I was thinking something similar, but I am not sure how to set it up. Step by step instructions would be very helpful. It is consuming most of our bandwidth. I have resorted to blocking mac addresses, but it is trivial to spoof a new mac.
I’ve attached a snippet of conf that allows DNS traffic only to the IP addresses 202.5.117.1 and 192.168.246.1, denies all other DNS (PRECEDENCE 255) traffic from clients , and finally allows all IP traffic (PRECEDENCE 256).
ACL can be configured from the wireless wlan configuration page.
Can someone look to see if there is an issue with the acl list I set up via web ui? I set it up on a test network, and I can get a connection through, but I don’t know yet if it will block traffic on 53.
I got ahold of one of the phones someone was using. They were using an app called thunder vpn. So I downloaded it, and sure enough I can bypass the voucher system. So I used the packet capture and can confirm the data is being passed on port 53. I can’t seem to get the acl list in the web ui to work. Can someone take a look at this and see where I have gone wrong. I want to deny all port 53 traffic not going to my preferred dns, but when I look at the packet capture it is still getting through.
You didnt follow rules of @Anandakrishnan.

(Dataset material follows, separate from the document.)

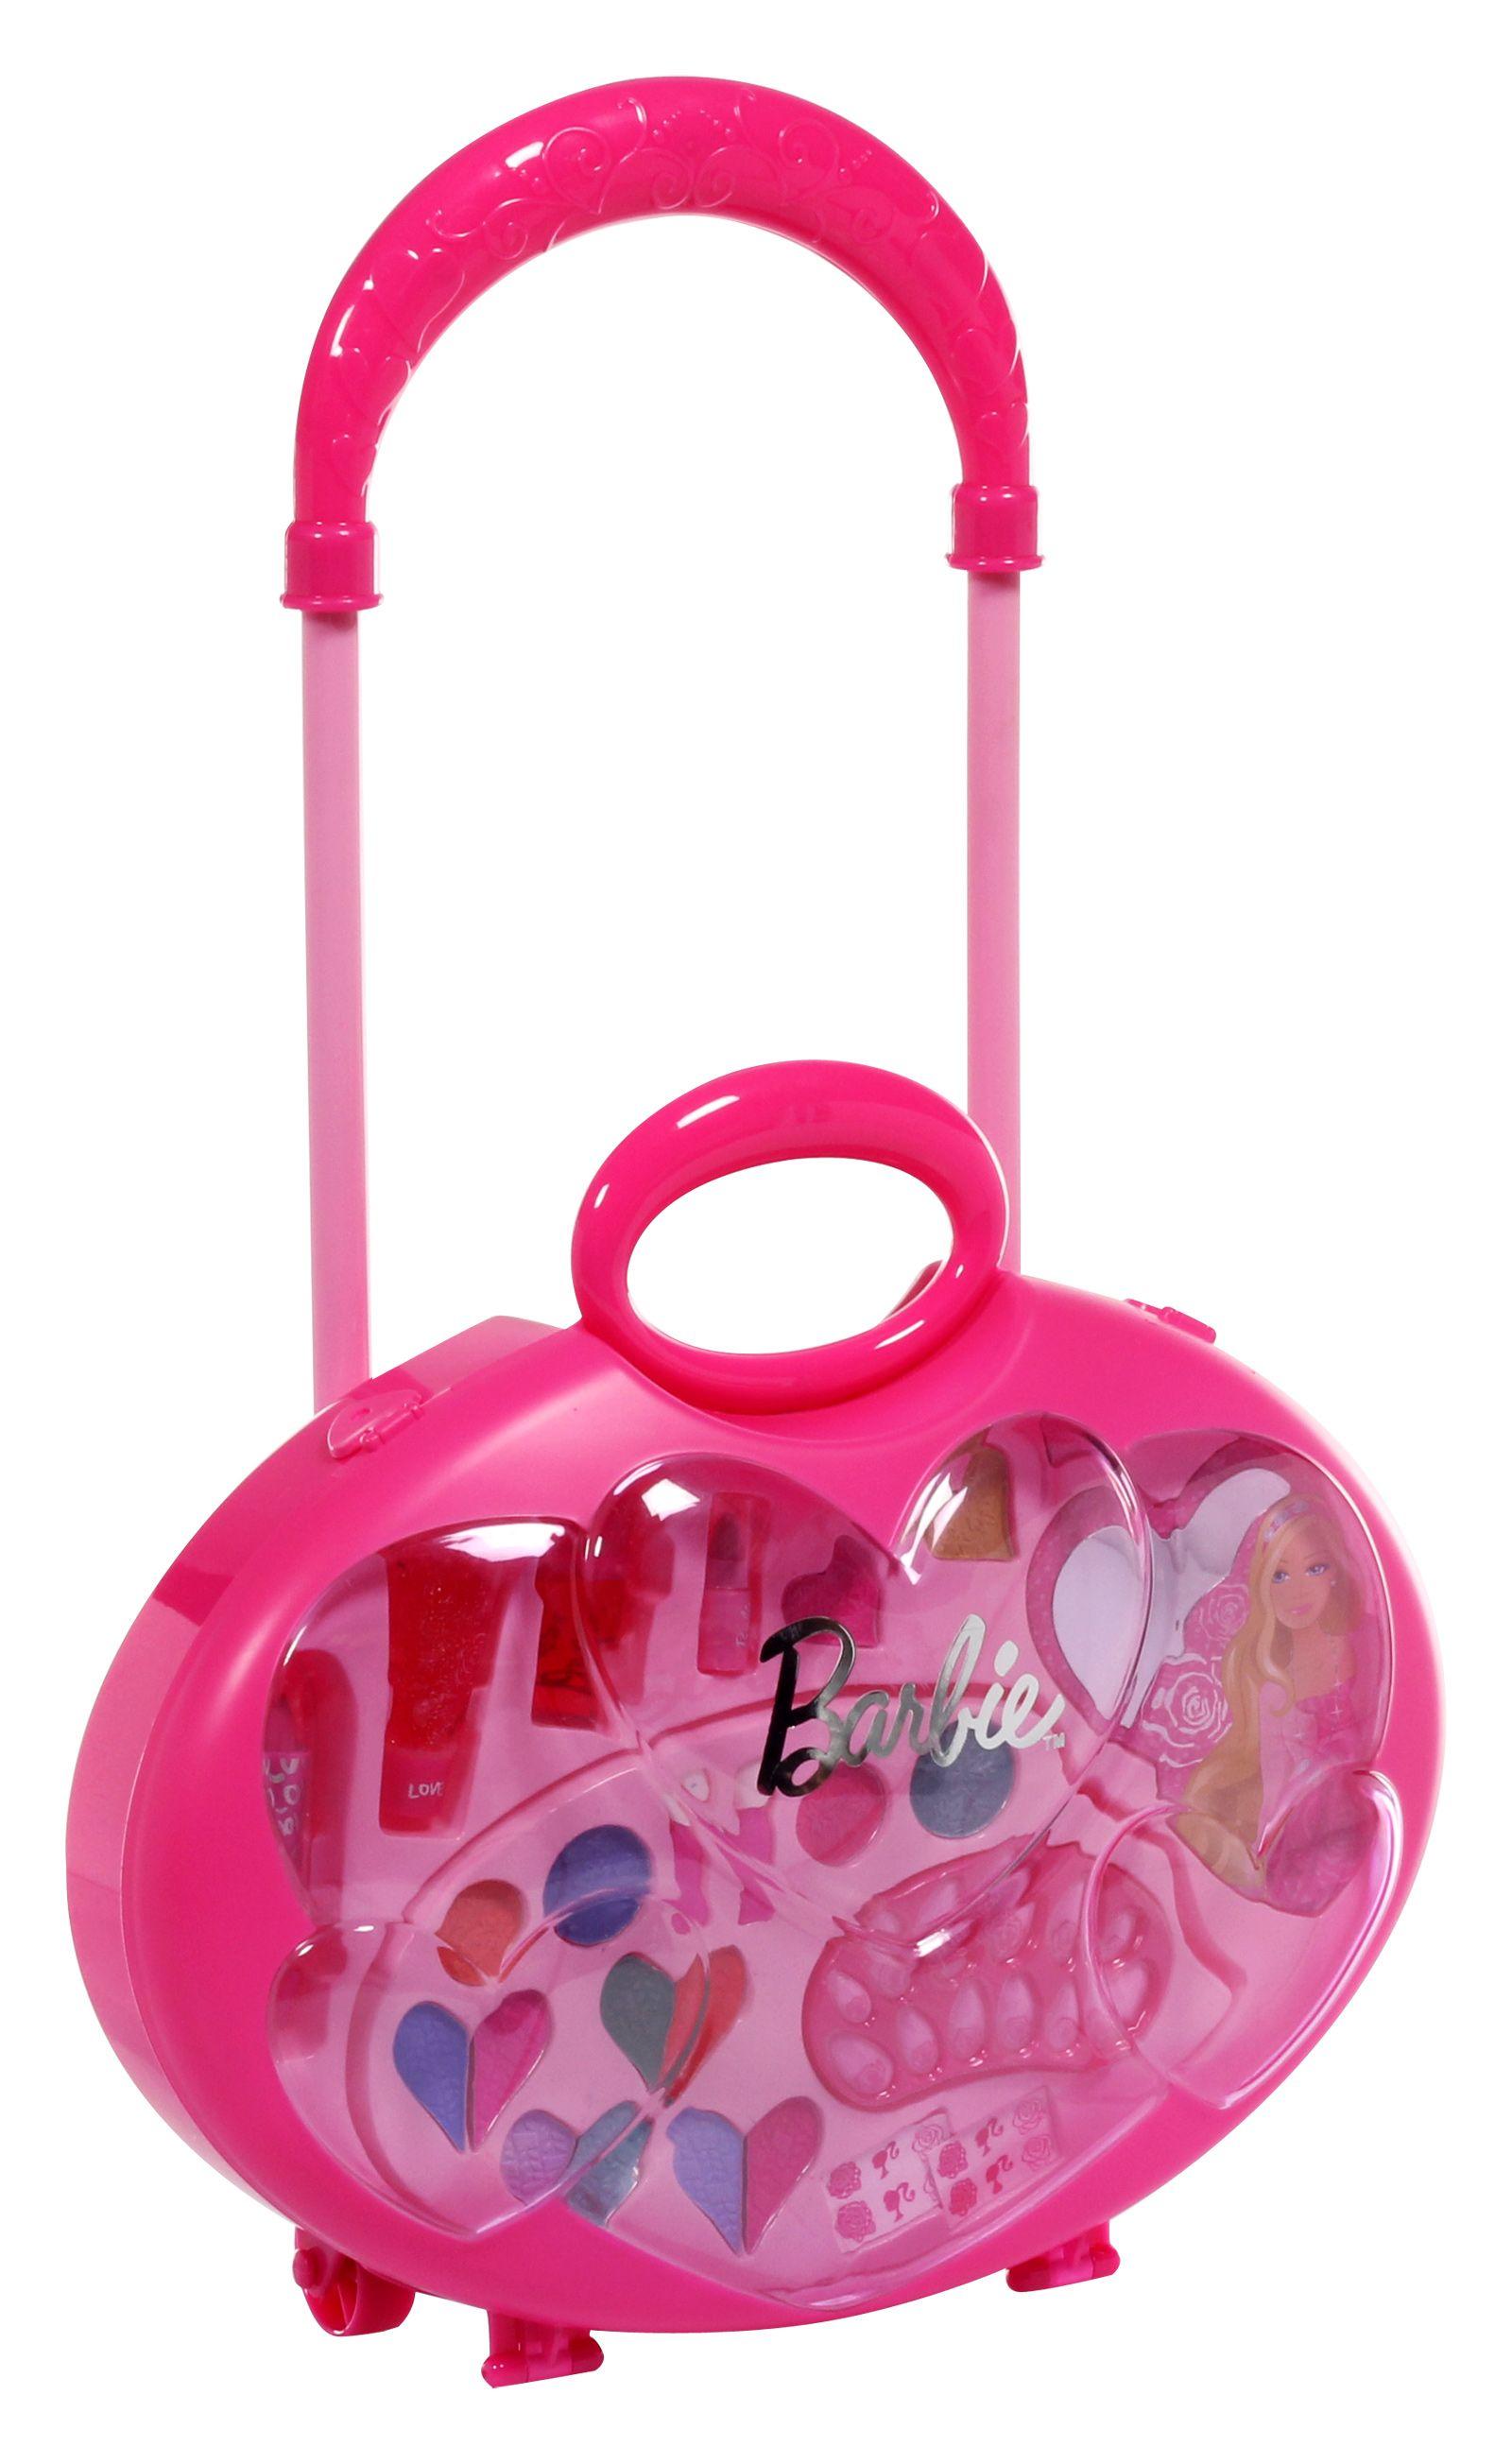 BARBIE Beauty Train CASE! Makeup! Nail Polish! Shimmer ...  |Barbie Makeup Kit For Kids
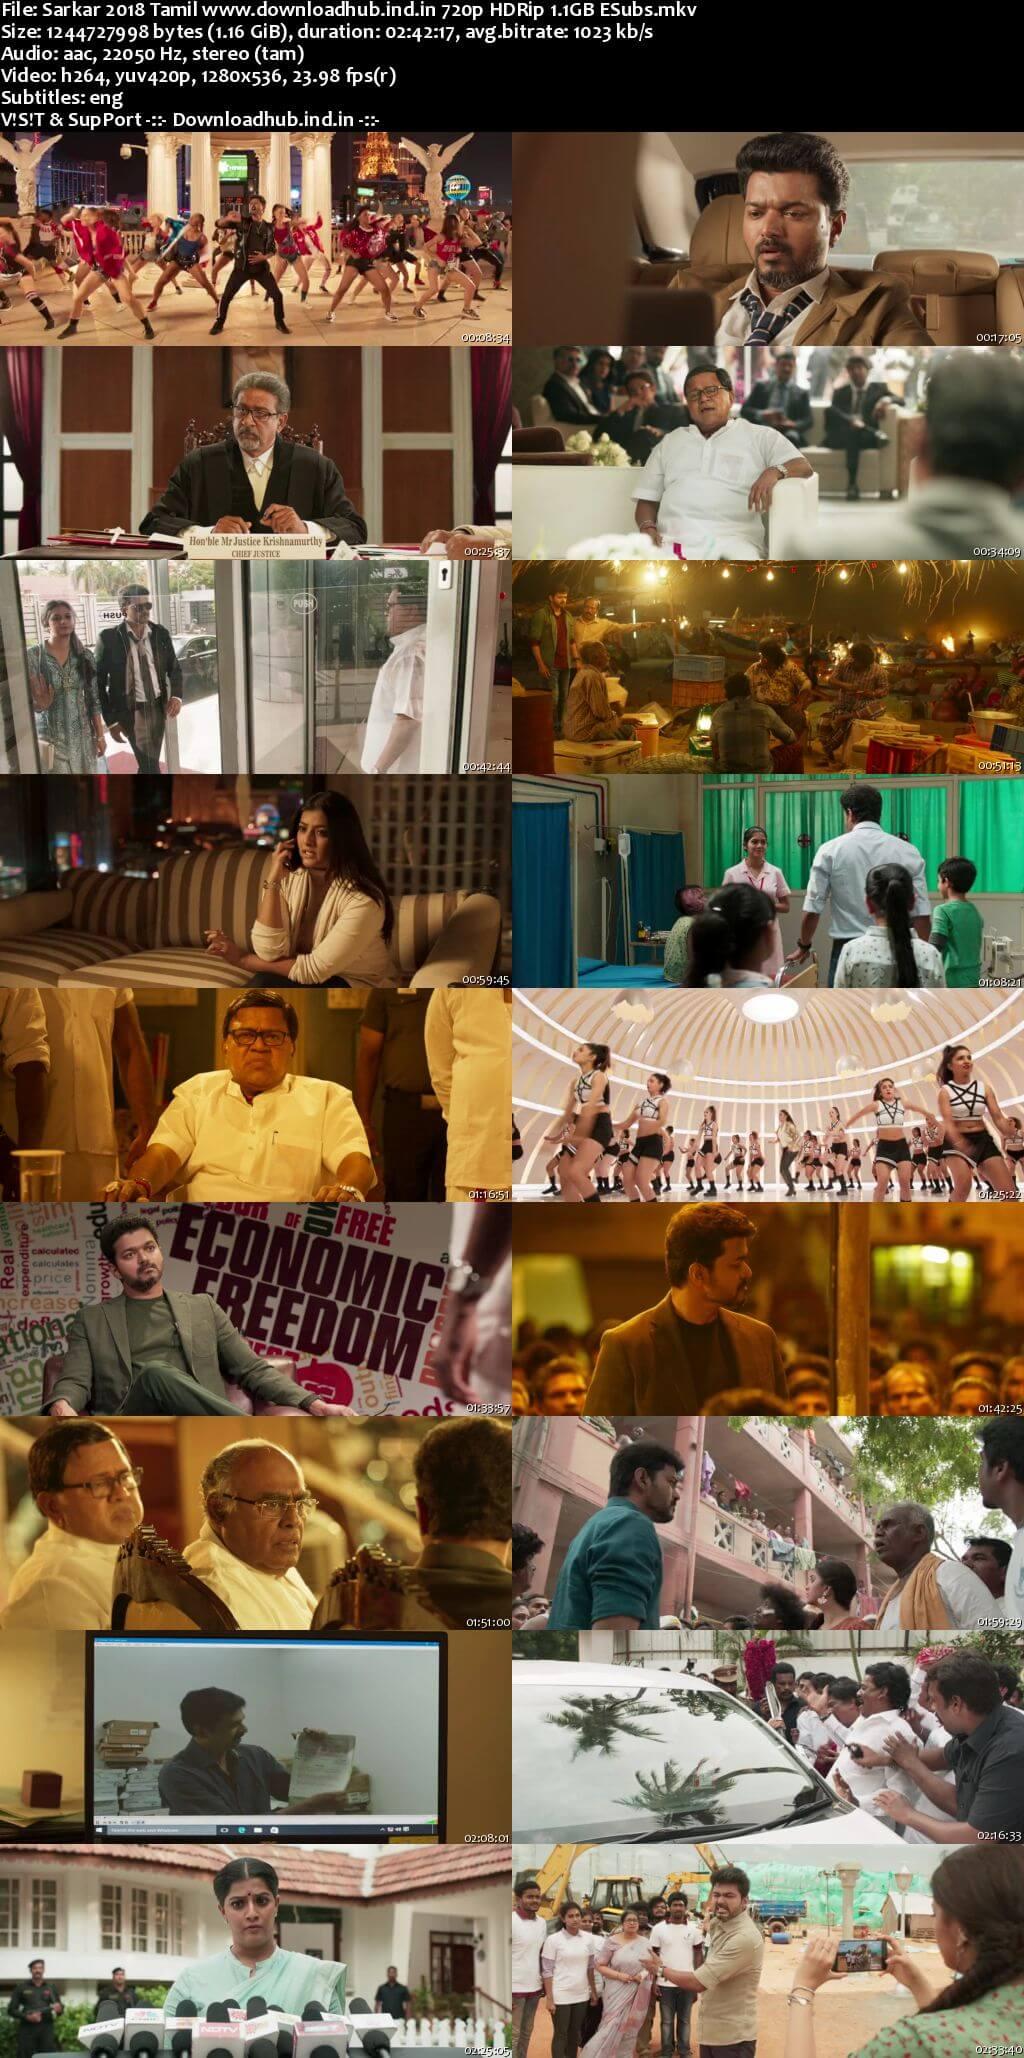 Sarkar 2018 Tamil 720p HDRip ESubs

Also note precedence numbers, last statement is precedence 256 (Allow_All), Deny_allother_DNS is precedence 255 which is execute before 256
I am getting very strange results using the web ui acl list. If you look at the screen shot I have taken it seems to reverse source port, and Destination IP/Mask. Can someone confirm if these are being reversed or recreate the issue. This is happening for every rule I put.
Hi Chris,
Please double-check that the direction you gave is “out” and the description is “in.”
SIP DIP SP DP is the order, therefore the “any” after the IP address 208.67.222.123 is the destination IP. For Protocol, you’ve selected “any” , better way to manage ACL rules is to have independent rules for protocols. So, better to create two sets of rules, one for UDP and the other for TCP.
The IN rule is hitting the AP on the WLAN IN direction, so to allow traffic from client to destination IP address x.x.x.x with port number 53, the rule you should add is
Policy – Permit
direction – IN
proto – UDP/TCP
SIP – any
SP – any
DIP – x.x.x.x
DP – 53
I had In and out intuitively backwards in my mind. It still seems like there is an issue with the web ui switching SP and DIP see my last post. Can you look at that and comment?
This seems to work at least on my phone. I will check tomorrow when there are people trying to get on. It still seems like the web ui is flipping SP and DIP at least in the way that it is written. I had to add a rule to allow 1.1.1.1 53 or the captive portal login would not popup.